简单陈述一下:
针对每个session,排序首先会使用sort_area_size ,如果不足则会使用临时表空间。但这里面又到底是怎么一个过程呢?下面阐述一下,也许对大家有用处(如果有什么不清楚或者不恰当的地方欢迎大家探讨)
假设sort_area_size = 100k,正好能盛下100条记录进行排序
当排序记录小于等于100条,ok,所有排序在内存中进行,很快
但若超过100条,则会使用临时表空间(利用磁盘进行)
我们选取一个临界值来说明,假设需要排序的记录有10010条
这个时候我们进行的排序会分为101组进行
每读100条进行一次小组排序,然后写入磁盘,第101组只有10条,排序后也写入磁盘
这是进行第二次排序,这次排序将在前100小组里面各抽取一条进行排序。《按照我个人的猜测,应该是排好后每写入一条入磁盘则将该记录所在小组重新抽取一条出来进行排序(这时是有序记录组里面所以很快)》。当这个过程完成后,这时所需要的磁盘空间大约为 实际记录存储空间的2倍(这也是多数书上提到的排序空间大约是记录空间的2倍的原因)

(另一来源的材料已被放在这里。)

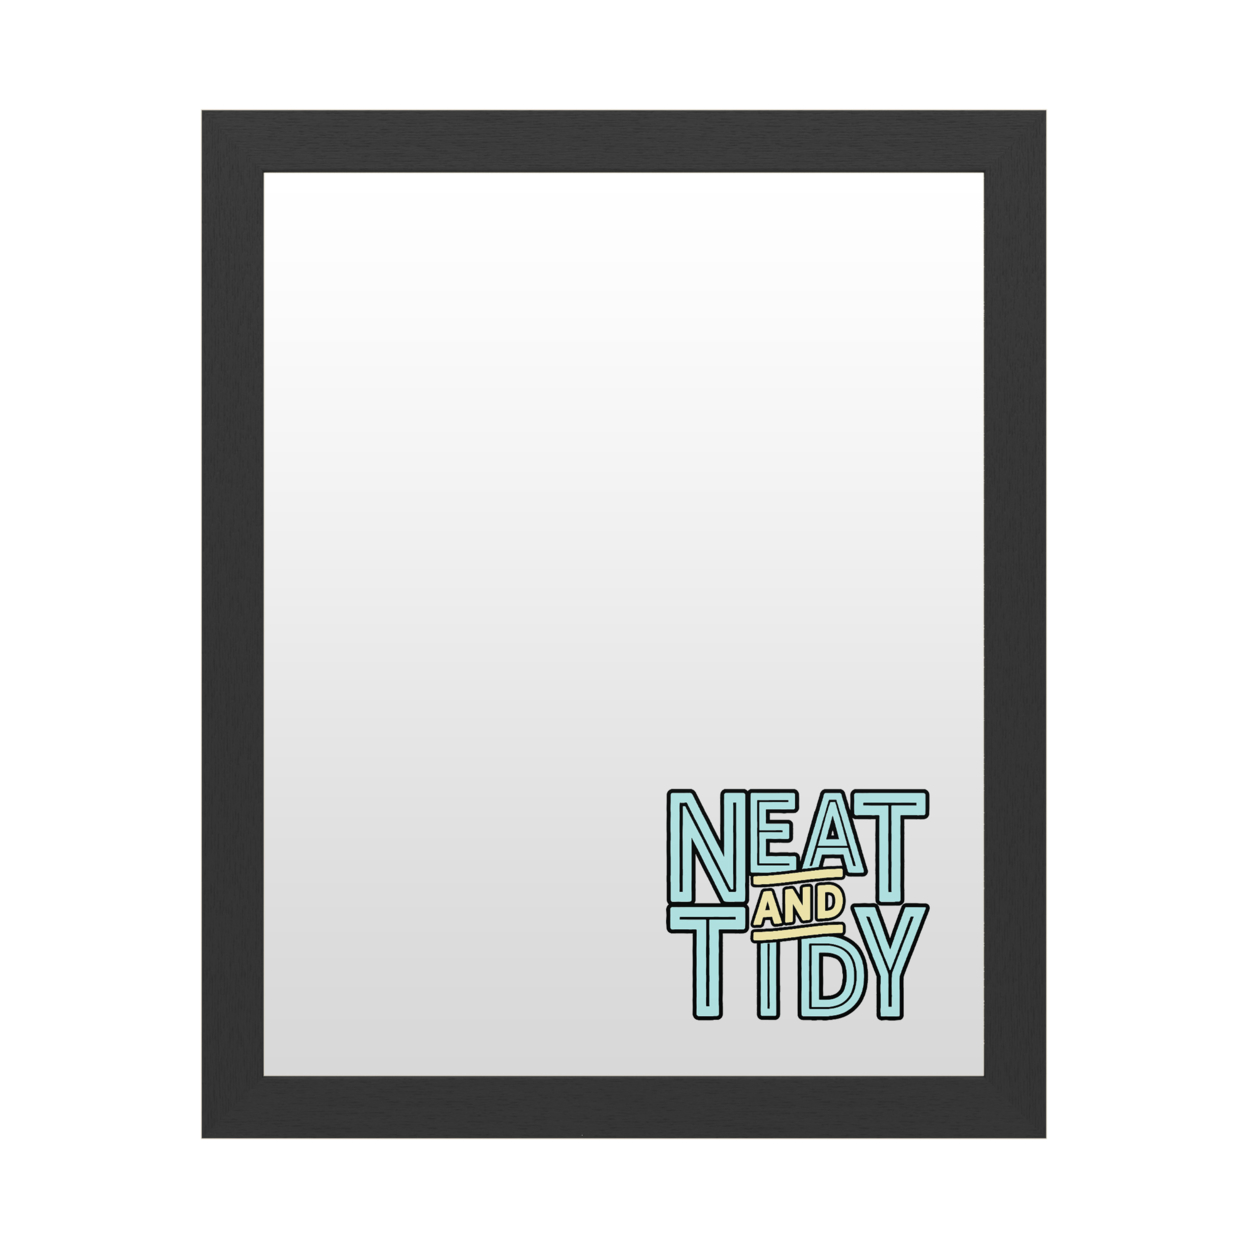 Dry Erase 16 X 20 Marker Board With Printed Artwork - Neat And Tidy Blue White Board - Ready To Hang

由于还剩下10条记录,于是这10条记录需要跟前面排序的10000条记录进行排序合并,这个代价也是相当大的!
所以,我们通常推荐,假如你需要排序的记录最大为100万条,则sort_area_size最小要能装下1000条,否则如上面的例子,那多余的10条,仅仅10条将会带来巨大的代价!
如果,设置的极度不合理的情况下,排序记录达到了 sort_area_size所能容纳的三次方以上,比如上面例子中排序需要100万记录
那么同样的,重复这个过程,当每一万条记录如上排序后,再如上从这100小组(每组10000条记录)各抽一条进行排序……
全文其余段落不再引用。